Study design involving dsRNA challenges to mice with and without established asthma. Mice received up to four challenges with dsRNA, 100 μg intranasally every 24 h, and were killed 24, 72 and 96 h after first dsRNA administration (A). The study design shown in (B) was chosen for the exacerbation model. Mice were sensitized with OVA–alum at day 0, followed by four consecutive days of aerosol challenge starting day 14. Following the sensitization and allergen challenges, the mice received three dsRNA challenges, days 18–20 (B). Animals were killed 24 h after the final dsRNA administration. i.p. = intraperitoneal; i.n. = intranasal.

Bronchoalveolar lavage, differential cell count and lung dissection

Bronchoalveolar lavage fluid was collected and total cell count was performed, using an automatic cell counter (NucleoCounter, Chemometec Lillerød, Denmark), and the cell suspension was cytospin-centrifuged onto microscope slides, stained and counted as previously described 23. Following BAL, the lungs were dissected and the left lung lobe was fixed in 4% paraformaldehyde, while the right lung was weighed and frozen in −80°C, until used for RT-qPCR analysis.

Analysis of BALF

Total protein concentration was analysed using bicinchoninic acid (BCA) assay (Pierce® BCA Protein Assay Kit detection; Fisher Scientific AB, Gothenburg, Sweden), according to the manufacturer's instructions. Release of cytokines CXCL1/KC and CCL2/MCP-1 in BALF supernatant was detected using enzyme-linked immunosorbent assay (ELISA) kit (R&D Systems, Abingdon, UK), according to the manufacturer's instructions.

Lung histology and immunostaining for neutrophils and TSLP

Paraffin-embedded tissues were sectioned into 4 μm thick and stained with haematoxylin and eosin (H&E) staining. The H&E slides were analysed using a light microscope (Nikon ECLIPSE 80i, Nikon Corporation, Tokyo, Japan), and a score (1–6) was given reflecting the degree of lung inflammation. Main features taken into account were the amount of perivascular and peribronchial inflammatory infiltrates, alveolar wall thickness and degree of epithelial hypertrophy. Sections with no obvious infiltrates were scored 0. All slides were analysed blindly by two independent observers. Additional sections for each animal were incubated with antibodies for detecting either neutrophils (NIMP-R14; Abcam, Cambridge, UK) or TSLP (GeneTex Inc., Irvine, CA, USA). Sections were incubated with appropriate biotinylated secondary antibodies (ABC Vectastain; Vector Laboratories, Burlingame, CA, USA) and visualized using 3,3′-diaminobenzidine (DAB, Vectastain; Vector Laboratories) followed by an H&E counterstain. Sections were scanned for image analysis (Oxford with software Aperio ScanScope™; Aperio Technologies, Vista, CA, USA), and the total parenchymal area was measured using ImageJ 1.44 (National Institute of Health, Bethesda, MD, USA). Neutrophil counts were quantified as total number of cells per mm2 lung tissue. Thymic stromal lymphopoietin immunostaining was quantified as peribronchial TSLP-positive cells per μm2, and the area was analysed by Aperio ImageScope software. One section per animal was analysed.

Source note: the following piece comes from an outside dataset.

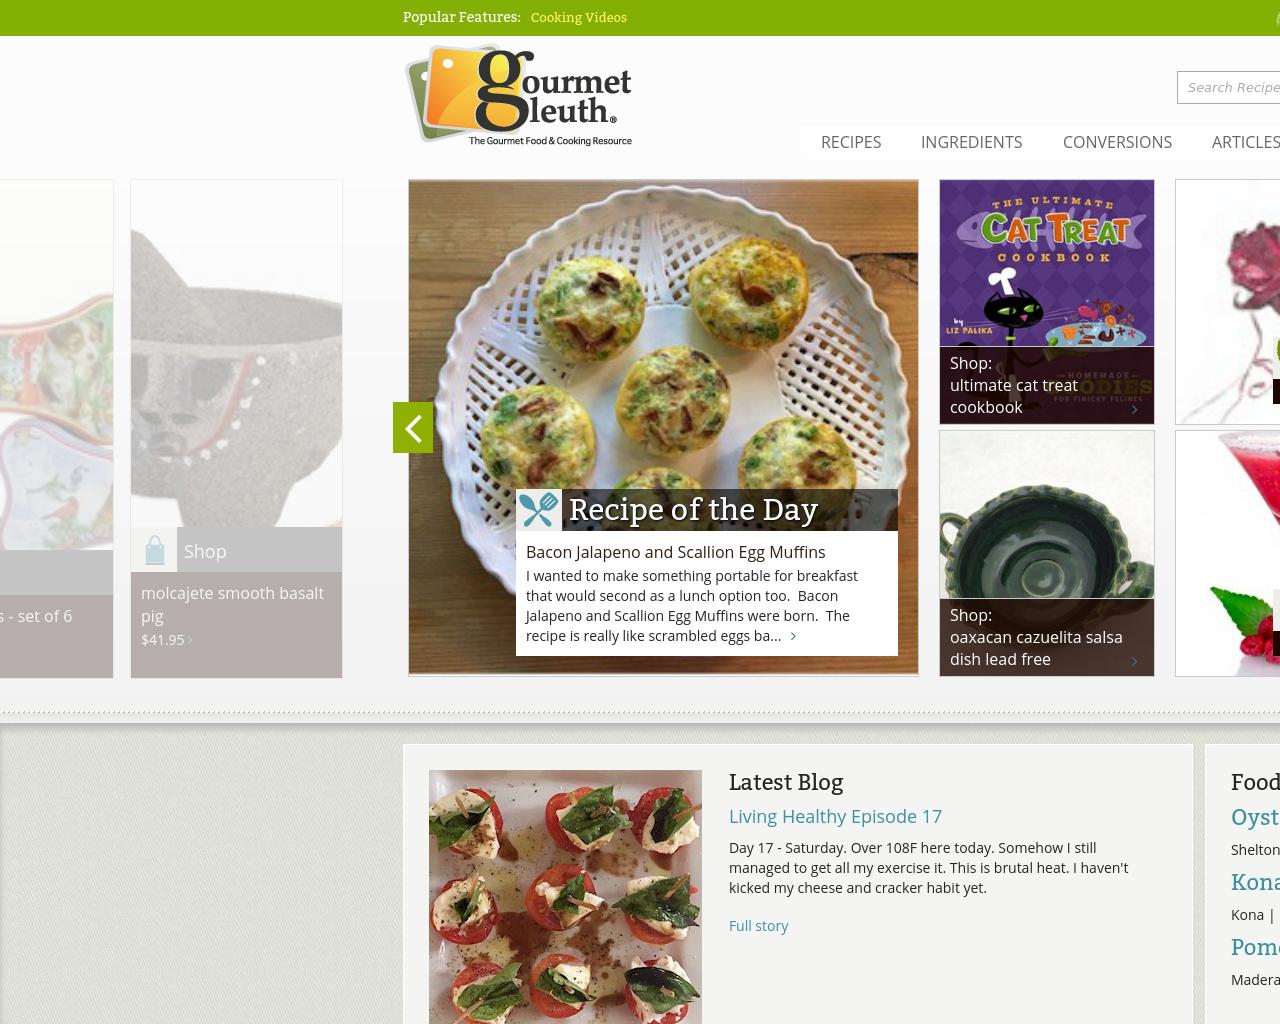 GourmetSleuth-Advertising-Reviews-Pricing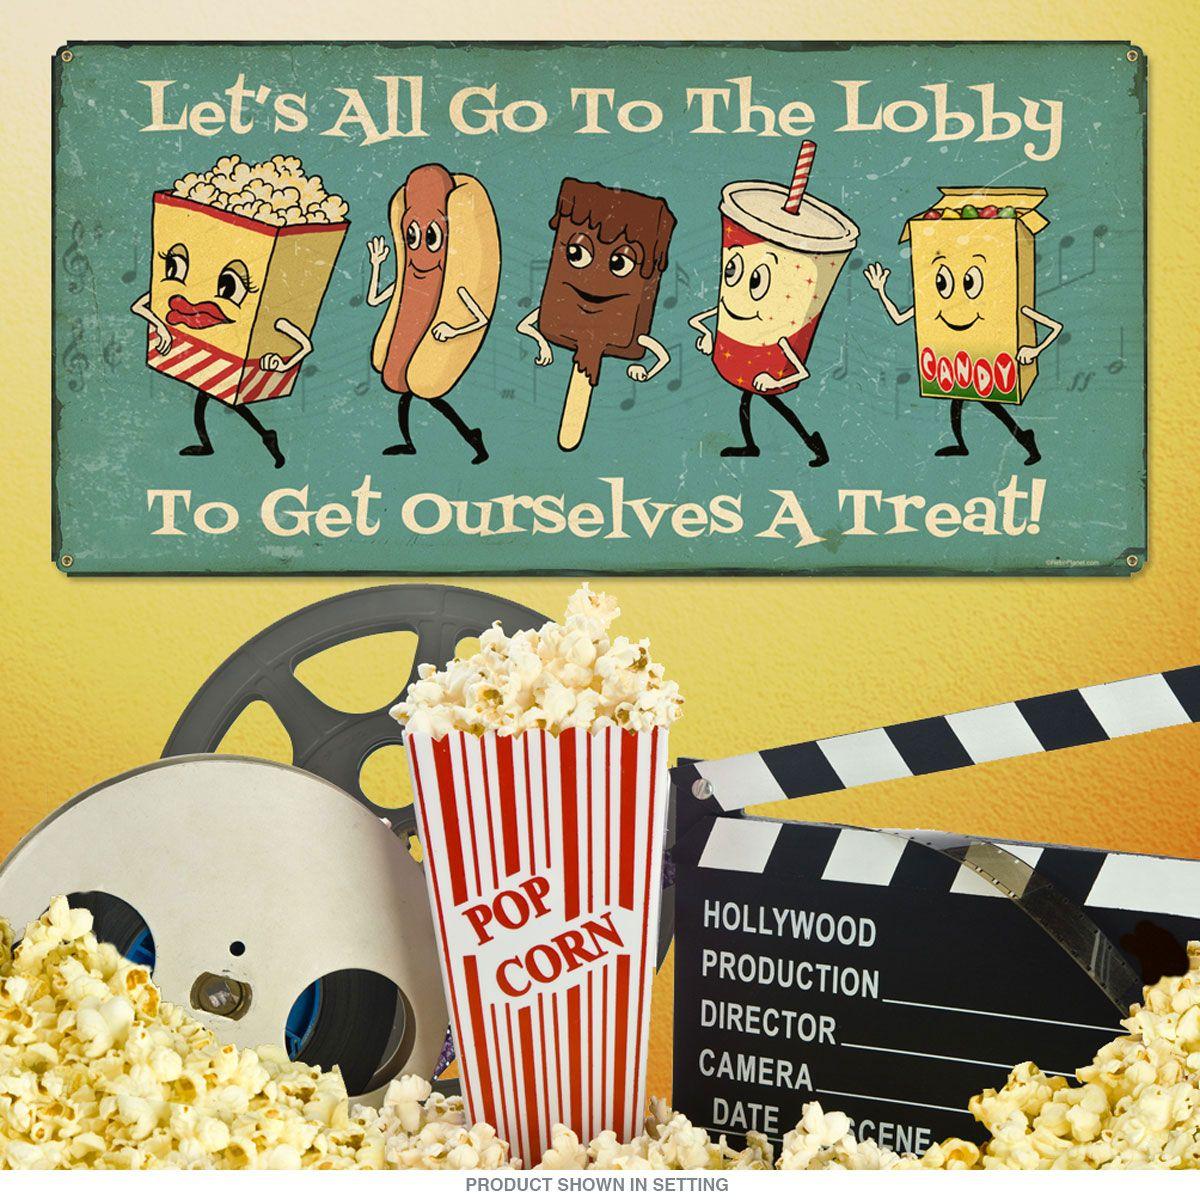 Lets Go Lobby Dancing Snacks Metal Sign 24 x 12 | Lobbies, Steel and ...

RNA extraction and quantification of TSLP, TNF-α, IFN-β and IFN-λ gene expression with RT-qPCR

Frozen lung tissue was homogenized mechanically (OmniPrep Rotor Stator Generator; Omni International, Kennesaw, GA, USA), and total RNA was extracted using RNA extraction kit Nucleospin® RNA II (Machery-Nagel, Düren, Germany), according to the manufacturer's instructions. 1 μg of RNA was reverse-transcribed to cDNA using a RT-kit (PrimerDesign, Southampton, UK), and quantitative PCR was performed using the reagents from PrimerDesign. Subsequently, thermocycling and real-time detection of PCR products were performed on an IcyclerIQ sequence detection system (Mx3000P; Stratagene, La Jolla, CA, USA) with standard cycling parameters. Genes of interest were normalized to house keeping gene 18S using the delta–delta Ct method. The following primer sequences were used for TSLP, TNF-α, IFN-β and IFN-λ.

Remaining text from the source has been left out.